Washington Update

Washington Update: OSHA hopes hearing will help create better silica rule

For nearly three weeks, OSHA listened to stakeholders’ concerns and input during a series of hearings on the agency’s proposed crystalline silica rule. The end result, the agency hopes, is a final rule that better protects workers from the potentially deadly dust.

During the public hearings, which took place from March 18 to April 4, attendees had the opportunity to provide OSHA with information that could help with its rulemaking process, as well as exchange questions and answers.

Celeste Monforton, a professorial lecturer at the George Washington University School of Public Health and Health Services, notes that although nearly three weeks of hearings is unusual, it’s not unprecedented: hearings on other rulemakings, such as the proposed Ergonomics Standard, went on longer.

Monforton participated for several days in the silica hearings and described the stakeholders in attendance as being well-prepared and having closely reviewed the proposed rule. She also said OSHA staff members were attentive, asked good questions and sought additional information. On more than one occasion, stakeholders referenced data they had collected and OSHA requested that it be submitted to the record.

“Now they have a much richer collection of information that’s going to enable them to prepare a better final rule,” Monforton said of OSHA.

However, not everyone was satisfied. Marc Freedman, executive director of the Labor Law Policy for the U.S. Chamber of Commerce, said OSHA and the administrative law judge who oversaw the hearings limited the chamber’s ability to question OSHA and proposal supporters.

Conversely, he said, OSHA had “unlimited time” to question witnesses representing the Chamber of Commerce – questions Freedman found to be redundant and argumentative.

“The chamber lodged several objections throughout the proceedings and will be filing extensive post-hearing comments detailing how we believe the hearings were not properly balanced,” Freedman said.

Monforton believes that, in general, the agency followed its own set of ground rules. Hearings are a place for the public to share information with OSHA – not for individuals to “interrogate” the agency on its rulemaking, she said.

OSHA’s final rule likely will not satisfy everyone. But Monforton suggested the hearing process affords OSHA a better opportunity to appease more people, as the agency obtains information and recommendations from industry representatives that it otherwise would not have access to.

What’s next?

The proposed silica rule, published Sept. 12, 2013, would cut the current permissible exposure limit in half to a level recommended by NIOSH 40 years ago. In addition to the recent hearings, stakeholders had five months to submit official comments after the proposal’s publication.

At press time, the official rulemaking docket showed more than 3,500 submitted comments and supplemental materials.

Now that the hearings have concluded, OSHA said it will review and analyze all written comments, exhibits and testimony.

The next step is for the agency to prepare a record summary and analysis. Then, it can move forward on the final rule’s development. This includes updating the agency’s analyses, drafting the regulatory text, obtaining clearances from the Office of Management and Budget, and preparing the rule for publication and rollout.

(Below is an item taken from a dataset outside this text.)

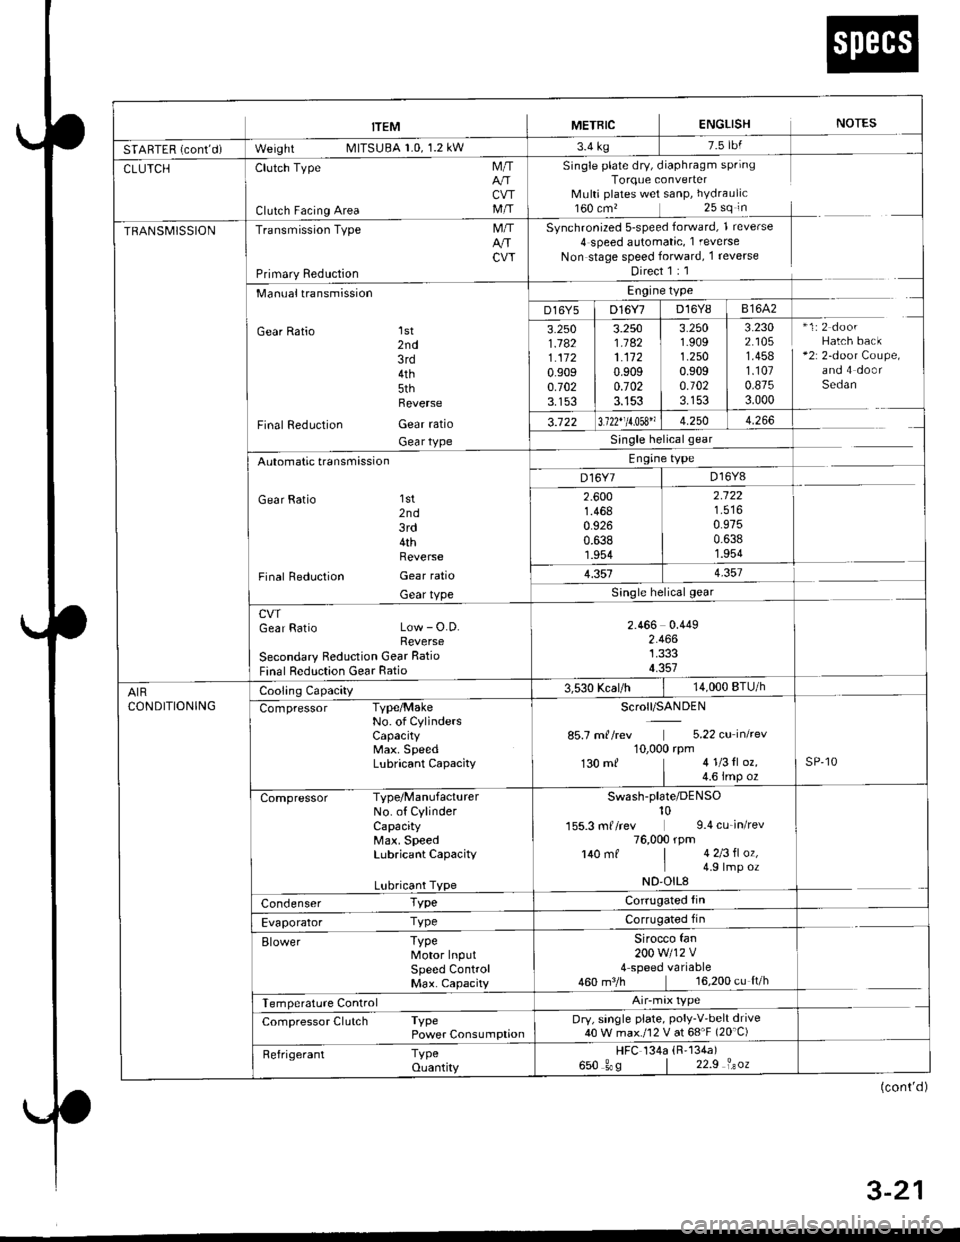 2000 Honda Civic Fuse Box Manual : Honda civic hx fuse diagram amp wiring for bmw e

According to OSHA estimates, the final rule may not be issued for another two years. Monforton said potential roadblocks include Congress obstructing OSHA and the Obama administration delaying the rulemaking. (Before being published, the proposed silica rule spent more than two years under White House review.)

“It’s absolutely doable” for the final rule to come out in two years, Monforton said. “But,” she added, “the uncertainty comes in with politics.”

The opinions expressed in “Washington Update” do not necessarily reflect those of the National Safety Council or affiliated local Chapters.